I'm in the process of making dnscontrol faster for large configurations and I'm ready to show off the current results.
Currently DNSControl does all of its work one domain at a time. Many people have suggested that DNSControl would preview/push faster if it did its work concurrently. Go makes it easy to do this kind of thing.
Doing all domains concurrently would be faster, but that would raise some difficult-to-solve problems. How would we deal with outputting the results? We wouldn't want each domain's output to be intermingled. We'd have to buffer the output for each domain then output each buffer at the end. That's a big change. How would we deal with "-i" (interactive) mode, where we prompt "Run? (y/N):" before each action? That seems impossible if many domains are being processed at once. How would we deal with the fact that not all providers handle rate limiting? Would some providers just error out when they receive many concurrent requests?
A few weeks ago I realized something that would mitigate most of those problems: What if DNSControl gathered information for all domains concurrently, but executed the actual corrections the old way, one at a time?
Much of the time dnscontrol spends is gathering information: Collecting the DNS records for a zone, getting a list of all the zones/domains at a provider, determining the parent delegations, etc. All of this takes a long time. There isn't much computation being done; most of that time is spent waiting for the reply to API calls. Why not do all of that concurrently? None of that requires printing, interactive questions, nor does it greatly increase the number of API calls done per second (that last part is not obvious, but most providers only count "get all records" as one API call).
There are 3 technical hurdles: First, DNSControl intermingles "gathering" with "doing". This project would need to split those into 2 phases.

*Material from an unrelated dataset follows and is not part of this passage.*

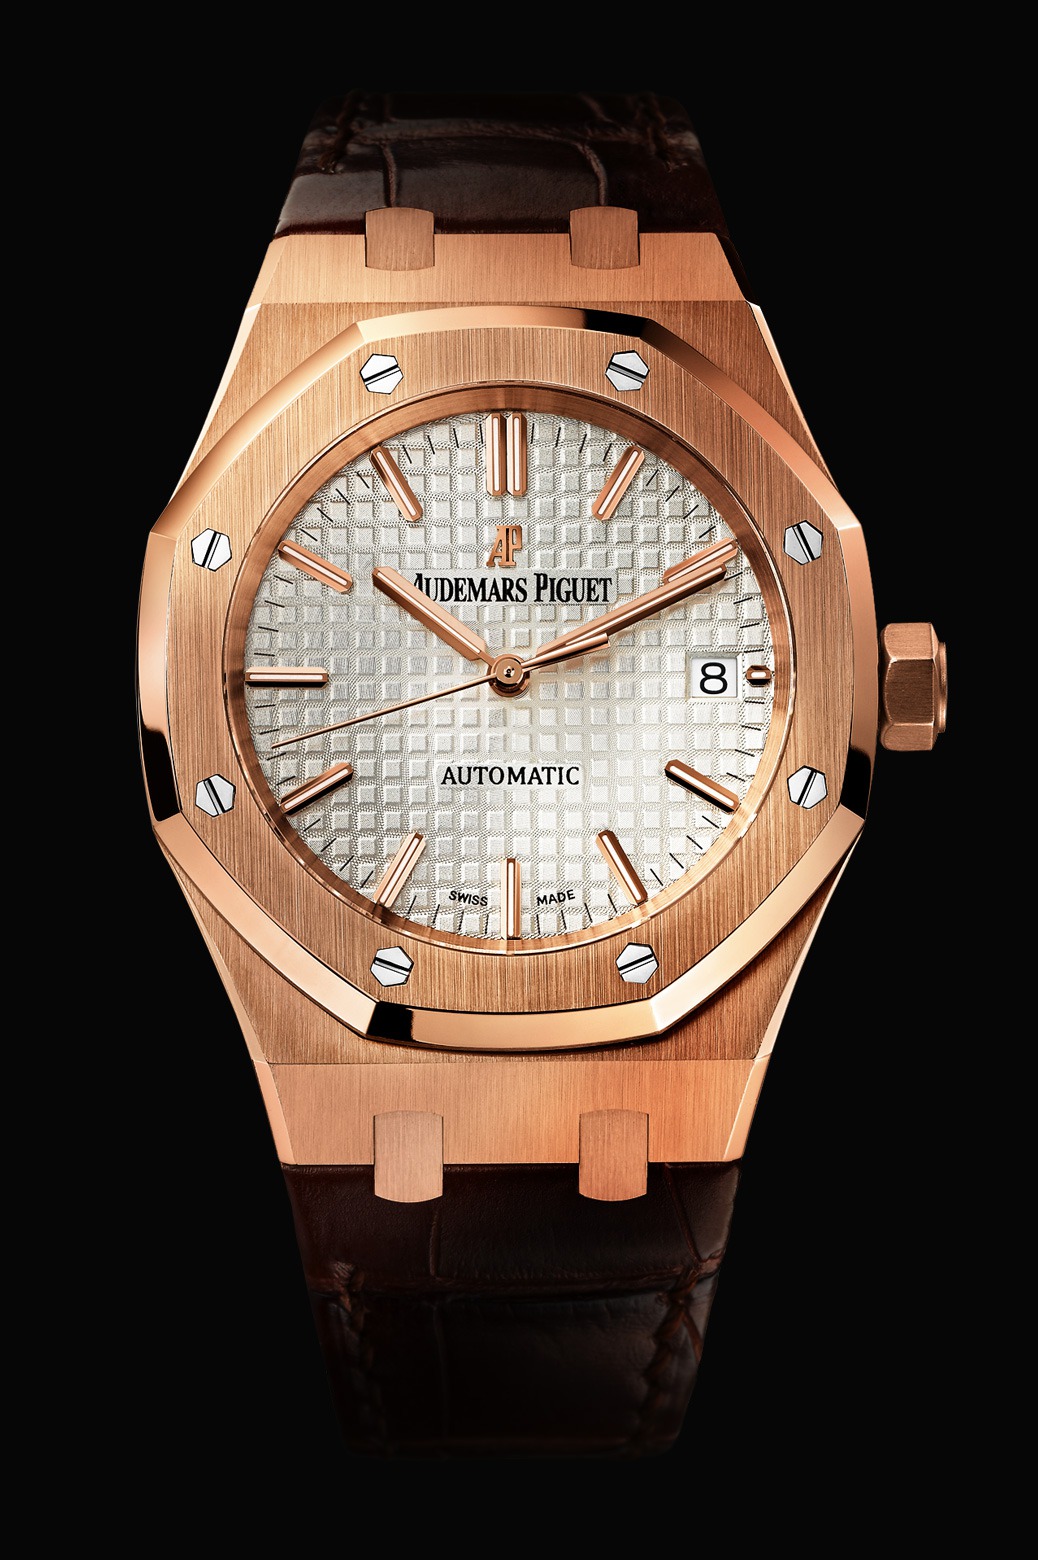 Audemars Piguet Royal Oak Automatic Pink Gold watch REF: 15450OR.OO.D088CR.01
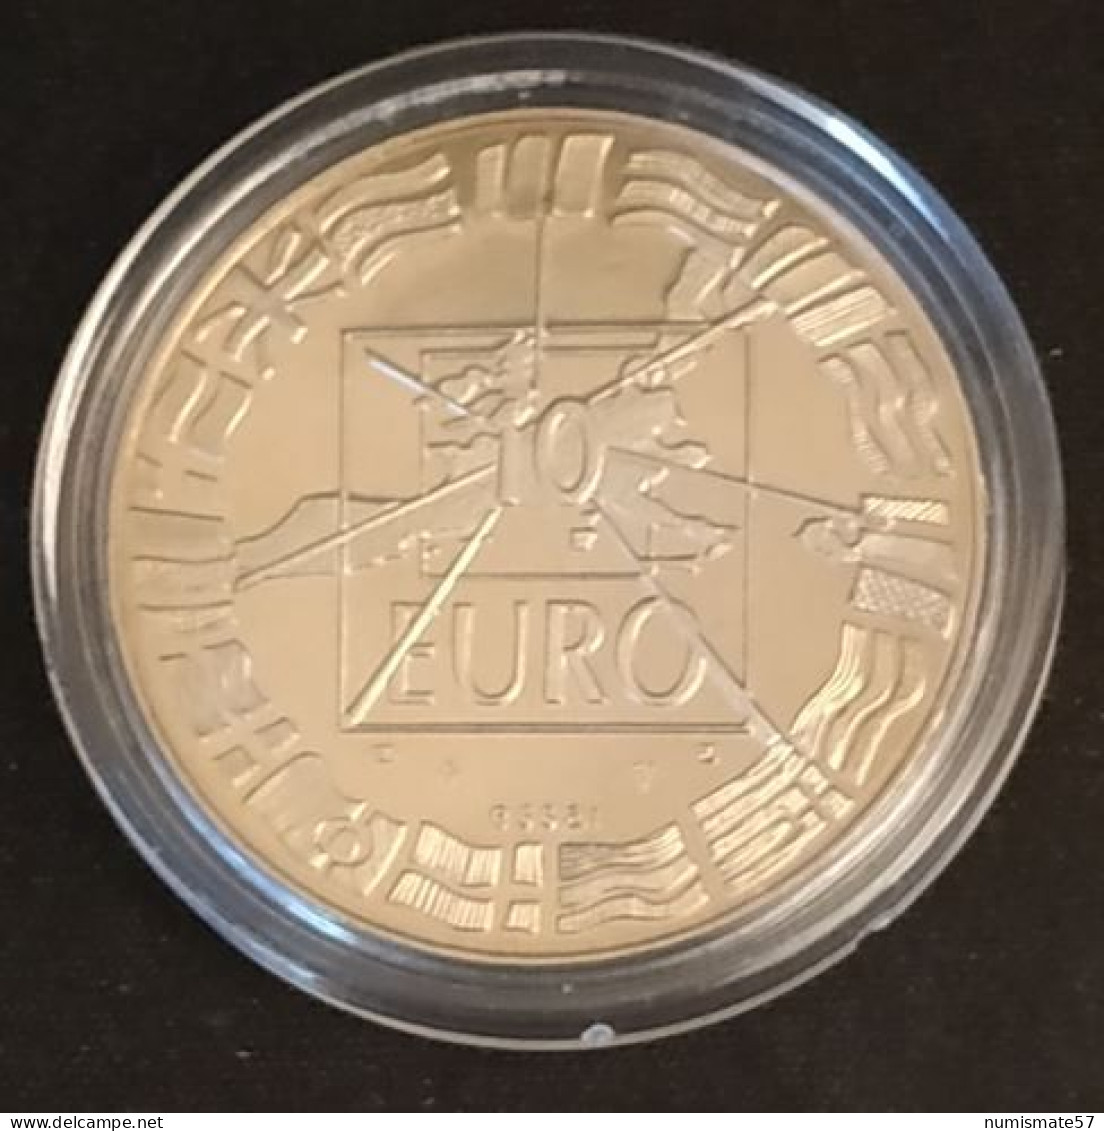 ESSAI - 10 Euros Essai 1998 - Bronze Florentin - Pruebas

Second, DNSControl has to deal with errors and failures during the gathering stage. Luckily that turned out to be easier to fix once I looked at the code.
Thirdly, most providers are not "thread safe". They don't work correctly when the same provider runs twice concurrently. I've found this to only be a problem when a provider tries to be smart and cache certain data. I've fixed that for AzureDNS, Cloudflare, and AWS Route53, so far.
Which brings me to the point of this email: I have implemented a demo of what a "concurrent DNSControl" would look like. The "tlim_parallel" branch has code that adds "ppreview" and "ppush" commands (parallel preview and push). Eventually ppreview/ppush would replace preview/push but for now it's nice to have both so I can compare them.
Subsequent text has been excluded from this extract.